I've never blamed a single person on this planet for anything (other than Scott Norwood). It truly is what it is. I've accepted this totally and completely. I'm the lettuce and when I look into reasons that have led me into not doing well, not growing, I know what they are. They are painfully obvious, yet, I took that fertilizer, a fertilizer that I knew was doing more damage than good, and I kept using it, thinking eventually it would work (magic!!!).
I've done fucking awesome since all this has gone down (maybe the best two days of mindfulness I've had since coming home). I've hopped out of bed (at a time when most of you are closer to dinner than you are to breakfast) and I've mindfully affected the quality of my day. I have taken a walk when I wake up both days this week...I raked the balls out of the front yard, and then I raked the old lady next door's lawn yesterday. Today I did a walking meditation through the neighborhood once I got up ("Every path, every street in the world is your walking meditation path" -- Thich Nhat Hanh). I just take it in RIGHT THERE.

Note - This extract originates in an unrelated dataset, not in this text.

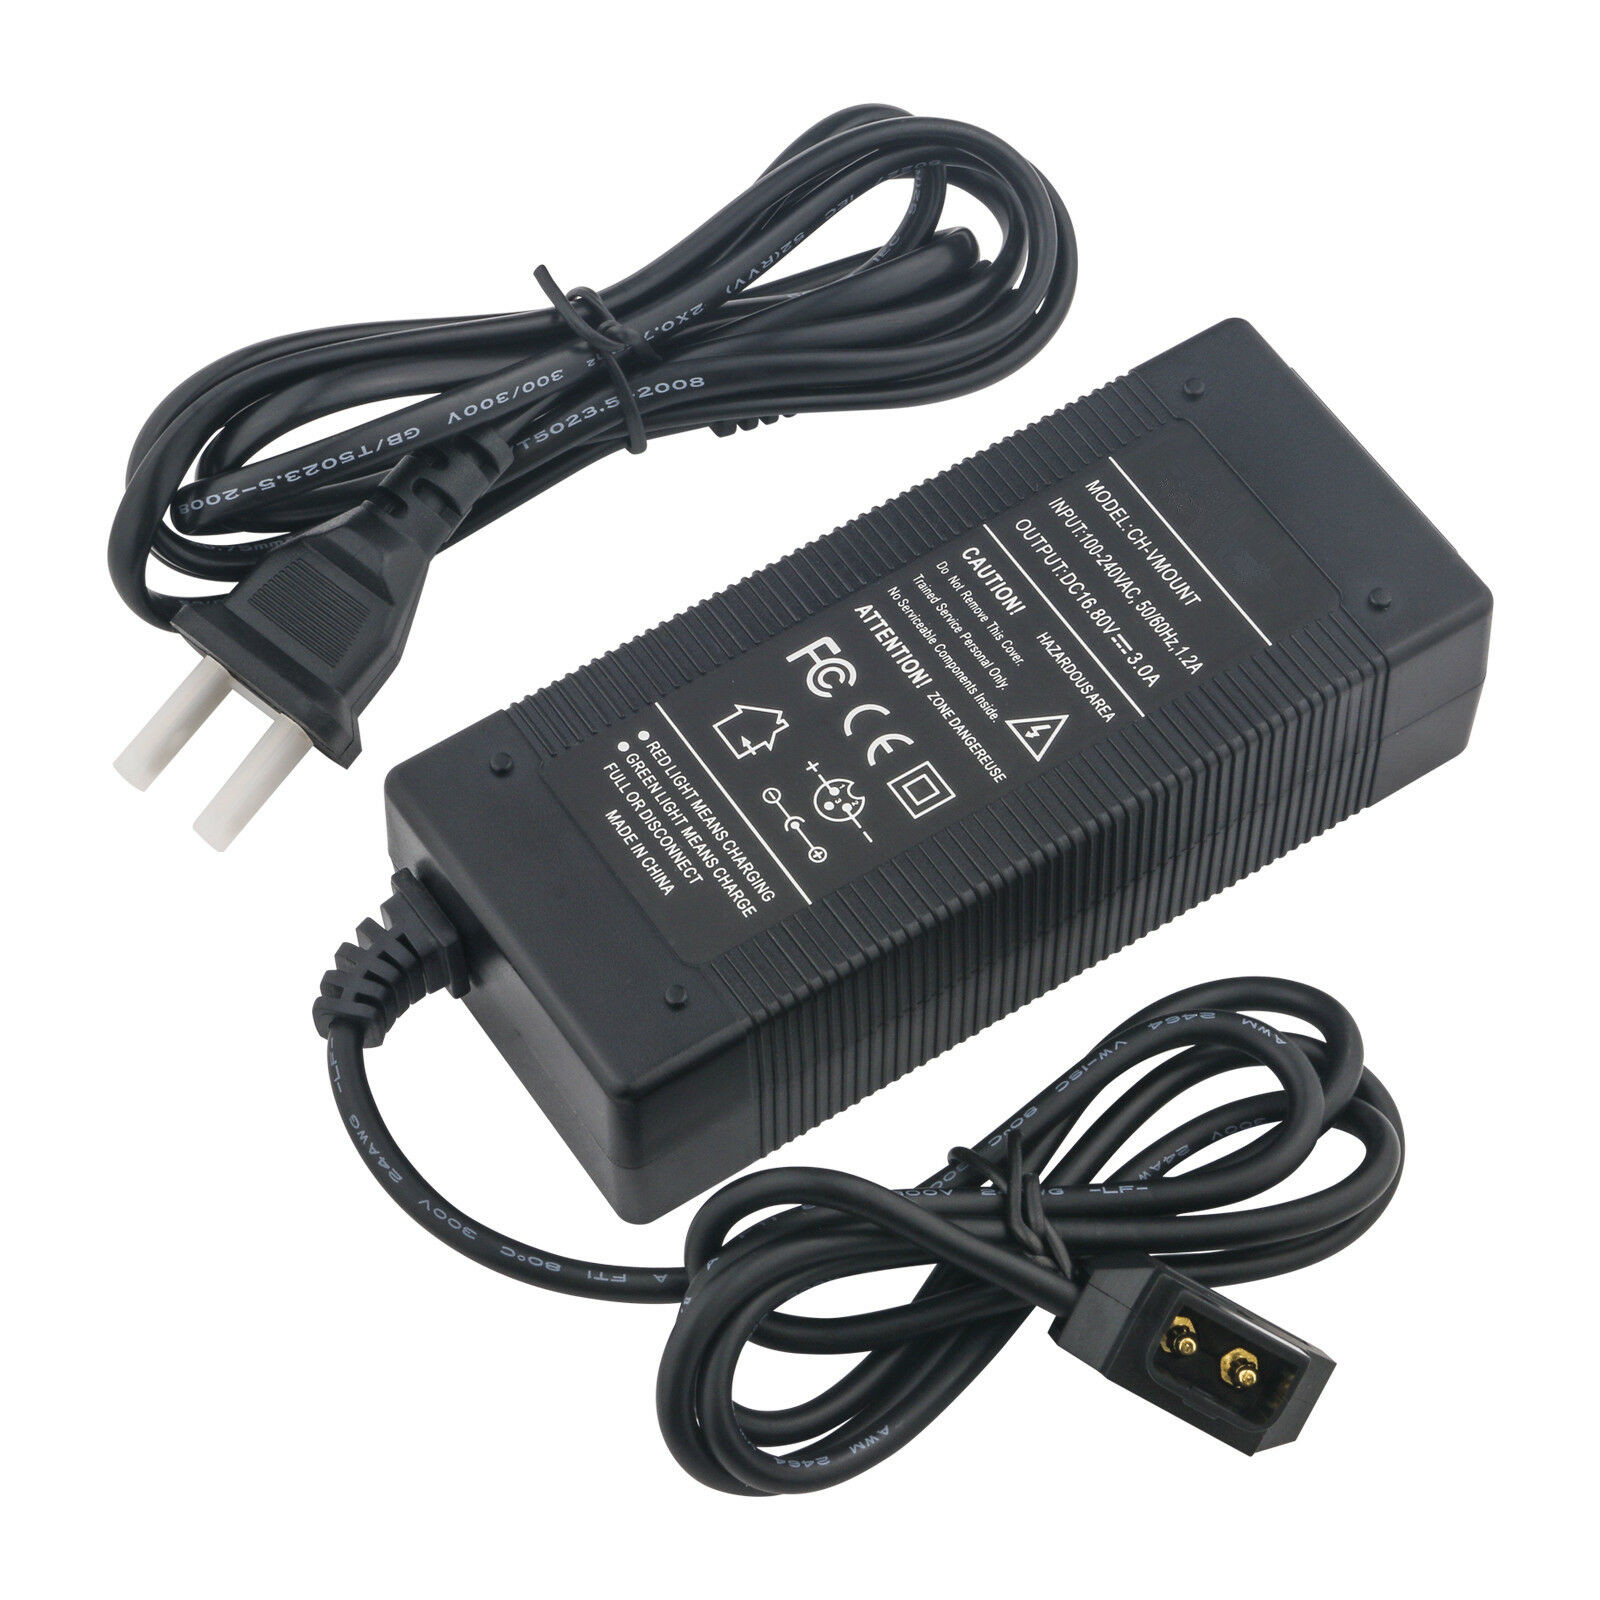 SONY PDW-530 battery charger

It saddens me that these profound moments motivate me or act as a catalyst. I wish I could do this on my own, find it inside of myself to be my own motivator. But I think that these are the little battles I need to keep winning in order to eventually, naturally, be my own motivator. The only thing I am battling right now is the depression. It's not one big fight, it's a million little battles. I see those around me who understand, or at the very least show that they CAN understand. Those are the people I want near me.